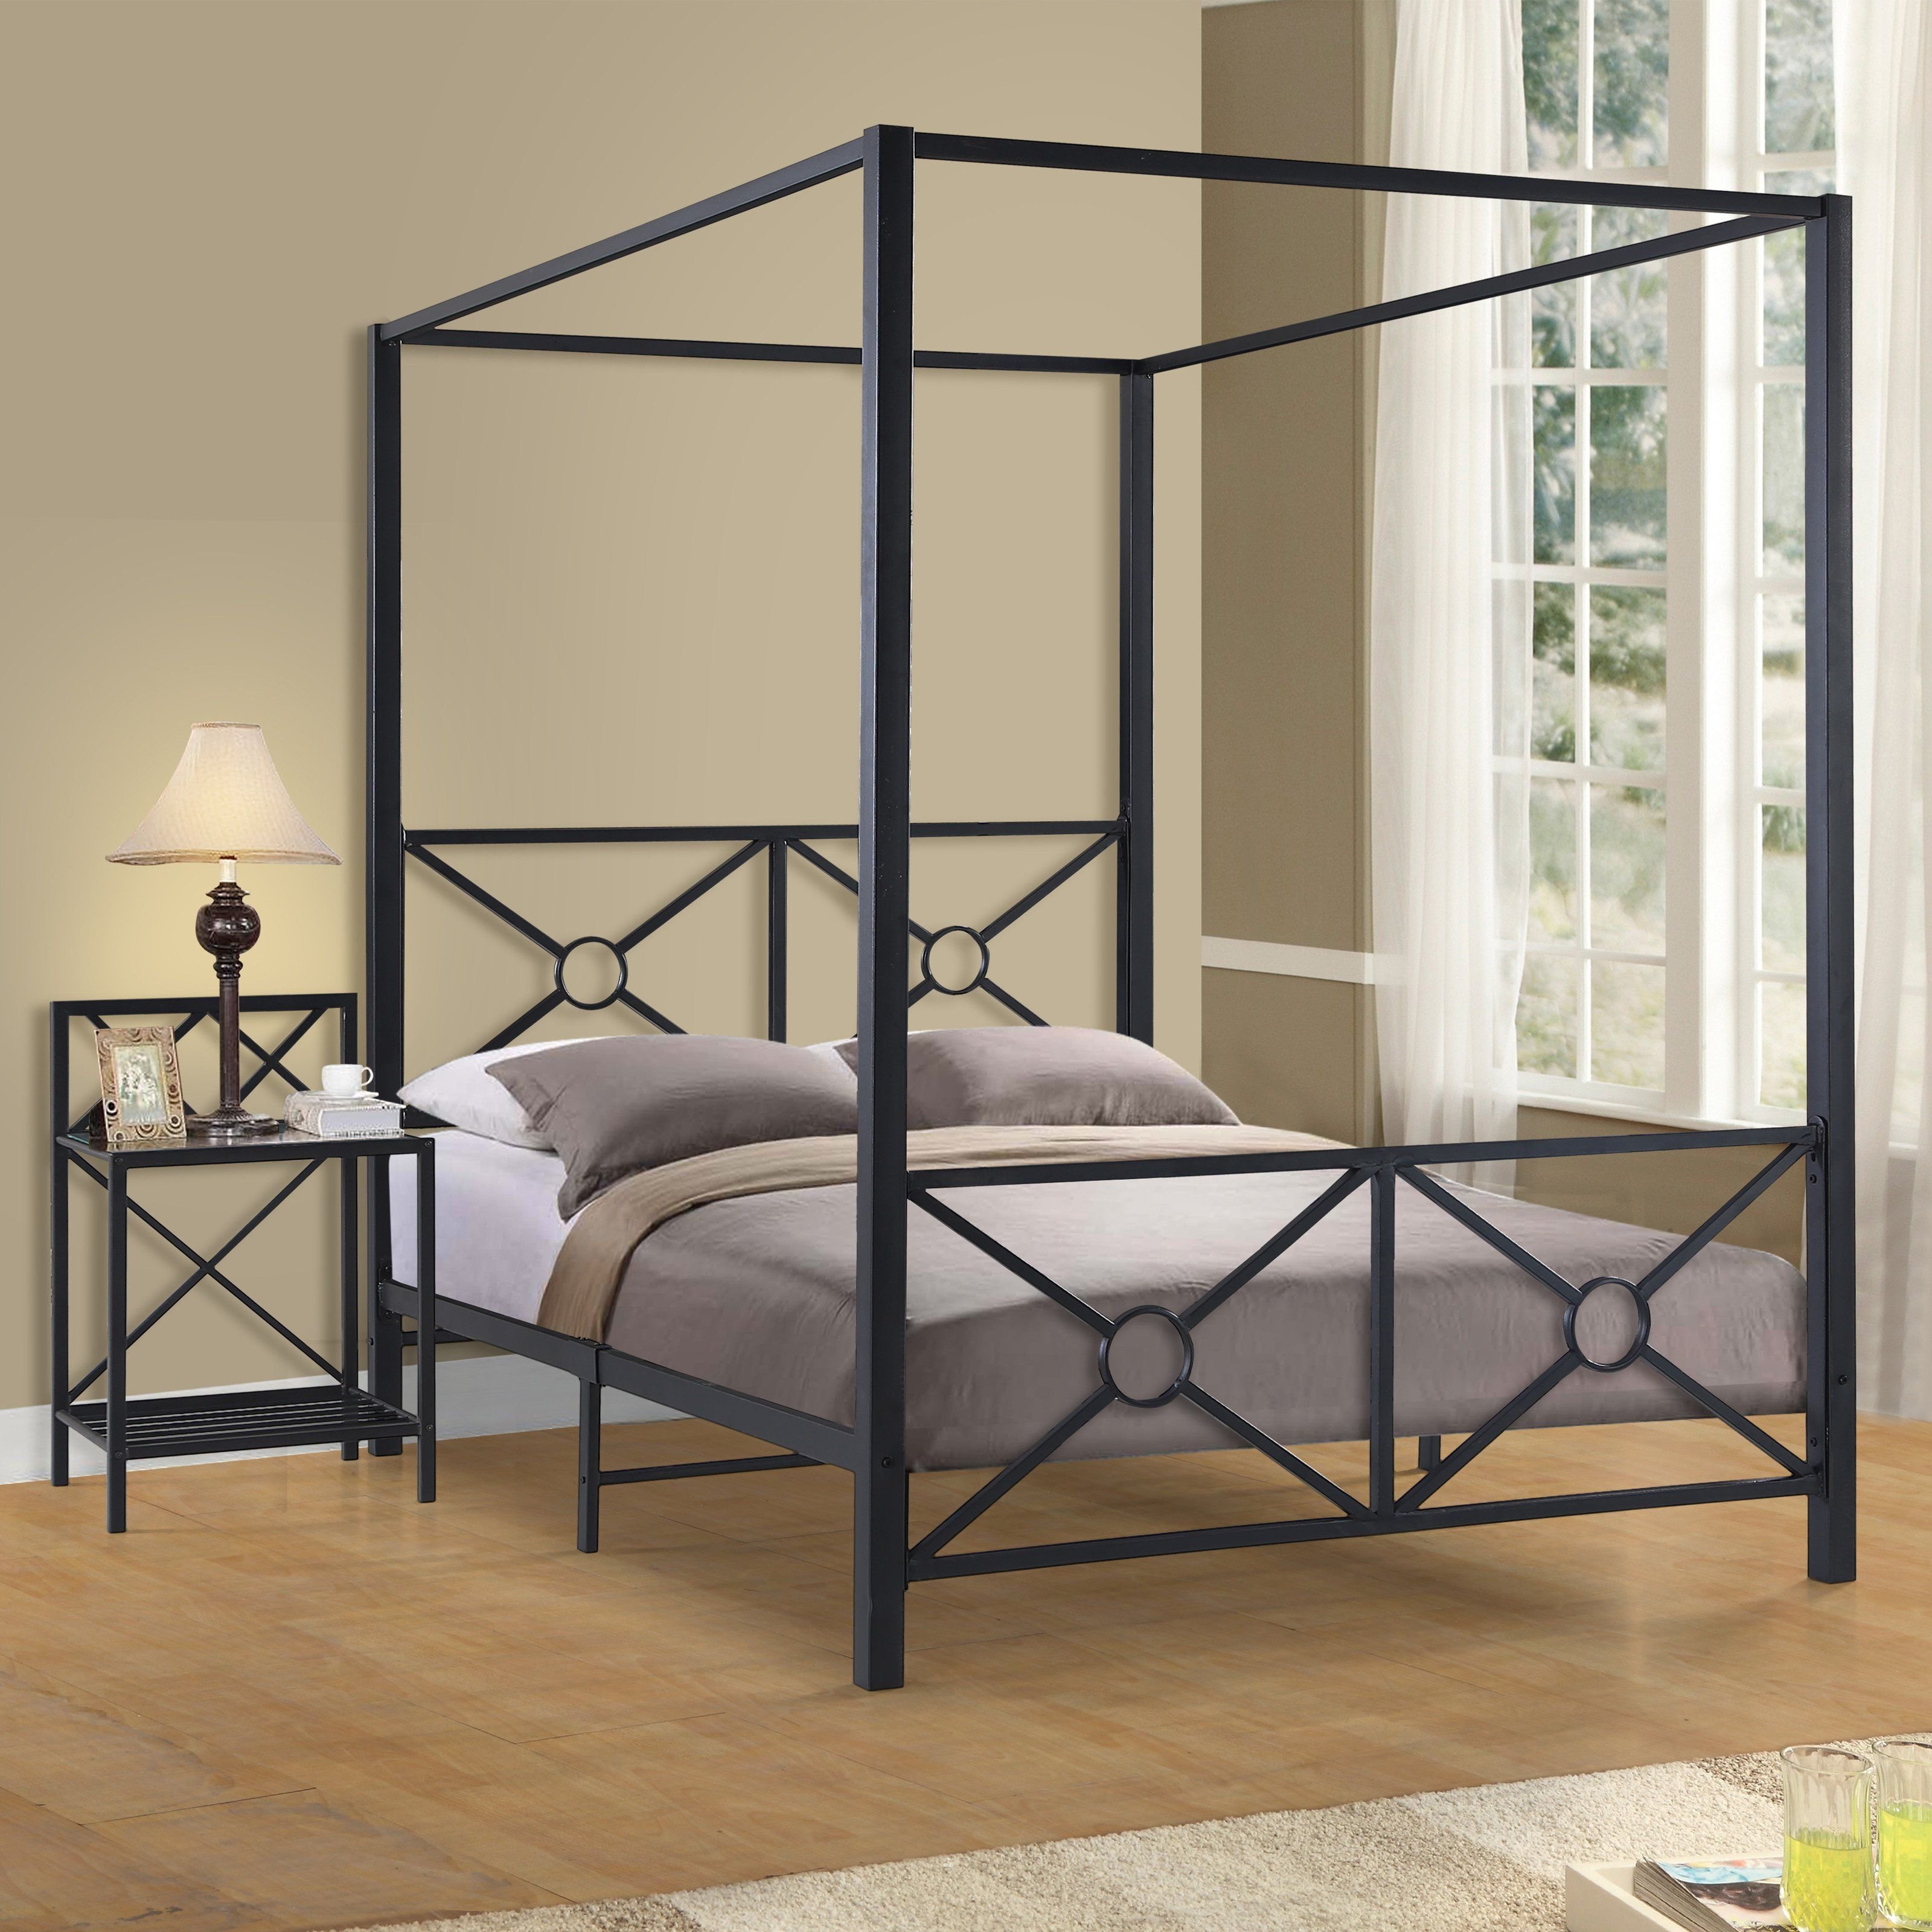 Сборка металлической кровати. Железная кровать. Кровать из металла. Кровать из металла и дерева. Кровать двуспальная из металла.
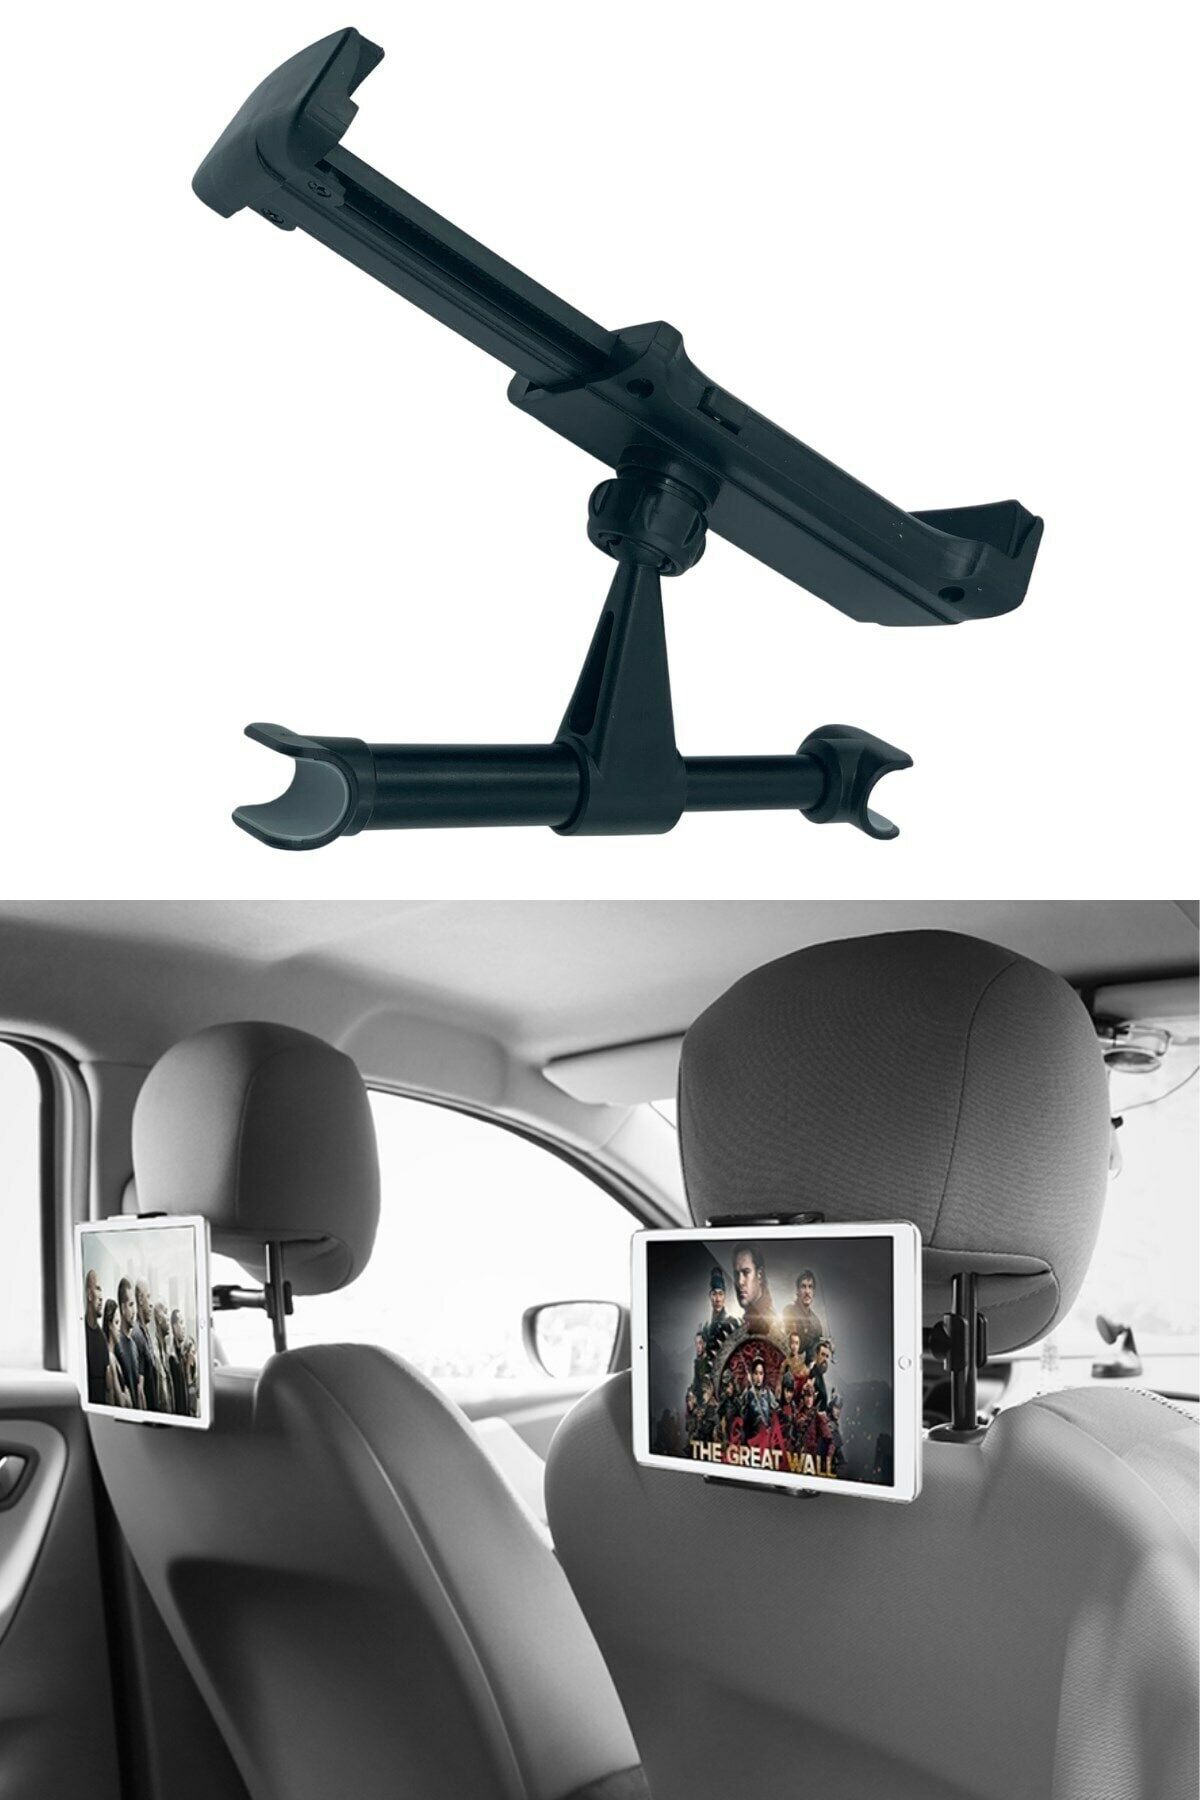 2 Adet Araba Oto Koltuk Arkası Telefon Tablet Tutucu Ayarlanabilir 360 Derece Dönebilen Pratik Stand
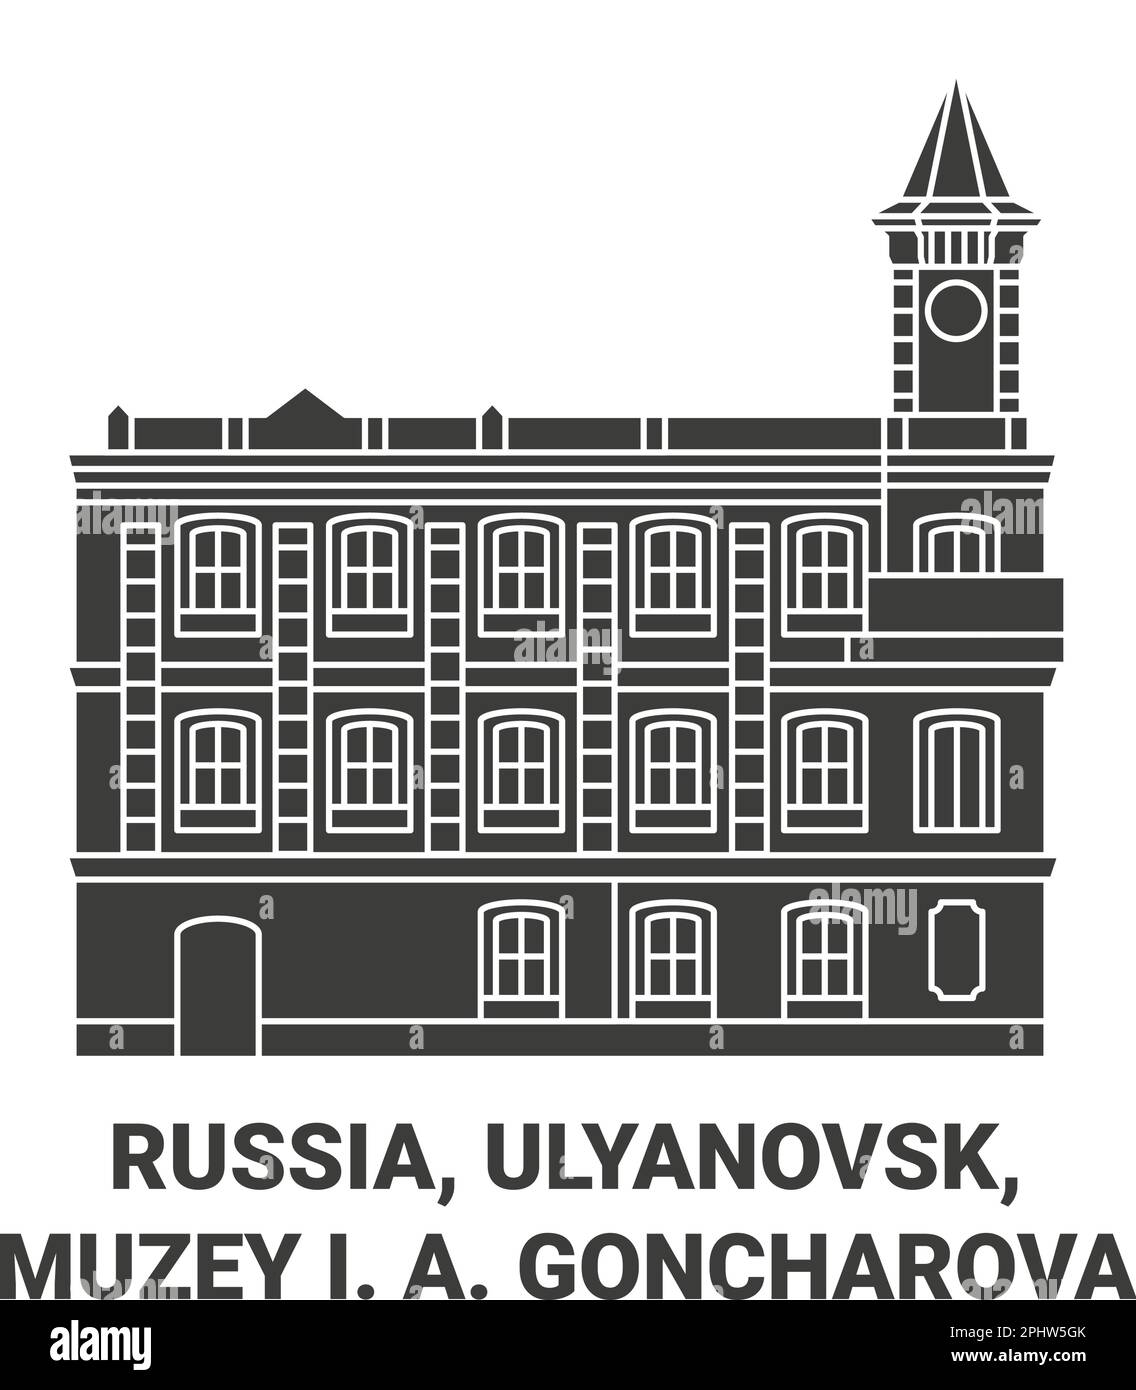 Russland, Ulyanovsk, Muzey I. A. Goncharova Reise Landmark Vektordarstellung Stock Vektor
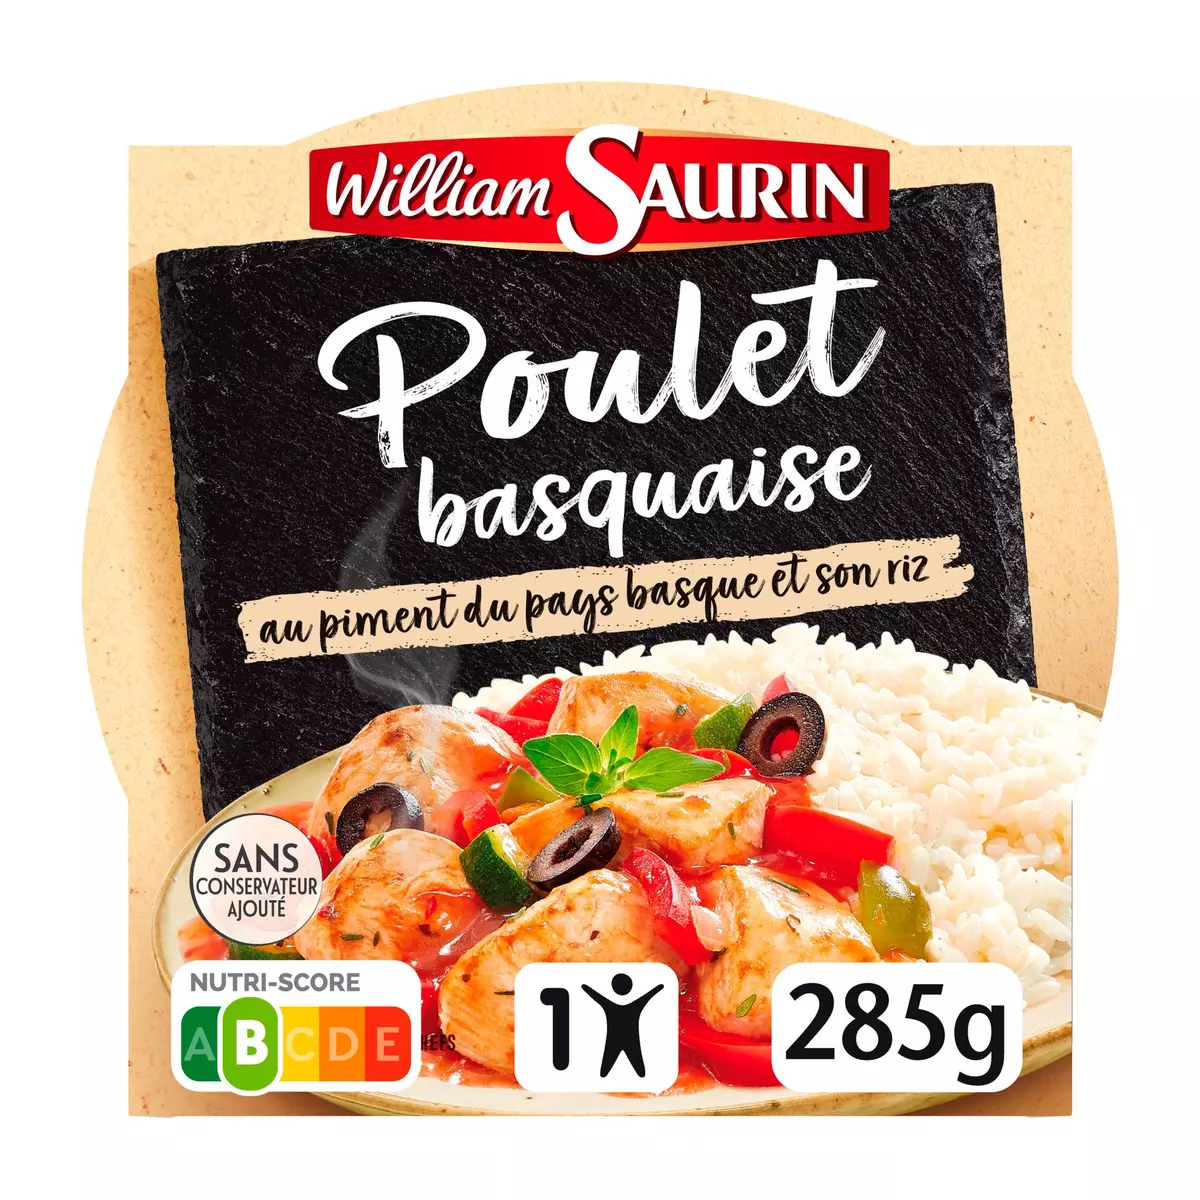 WILLIAM SAURIN Poulet basquaise au piment du pays basque et son riz barquette 1 portion 285g

* GOAL OF THE EXERCISE: Set down nothing but the lines from the one containing "Russland, Ulyanovsk, Muzey" to the final line above, both included, with every picture left out.

* REPLY TO THE TASK:
 Russland, Ulyanovsk, Muzey I. A. Goncharova Reise Landmark Vektordarstellung Stock Vektor
 WILLIAM SAURIN Poulet basquaise au piment du pays basque et son riz barquette 1 portion 285g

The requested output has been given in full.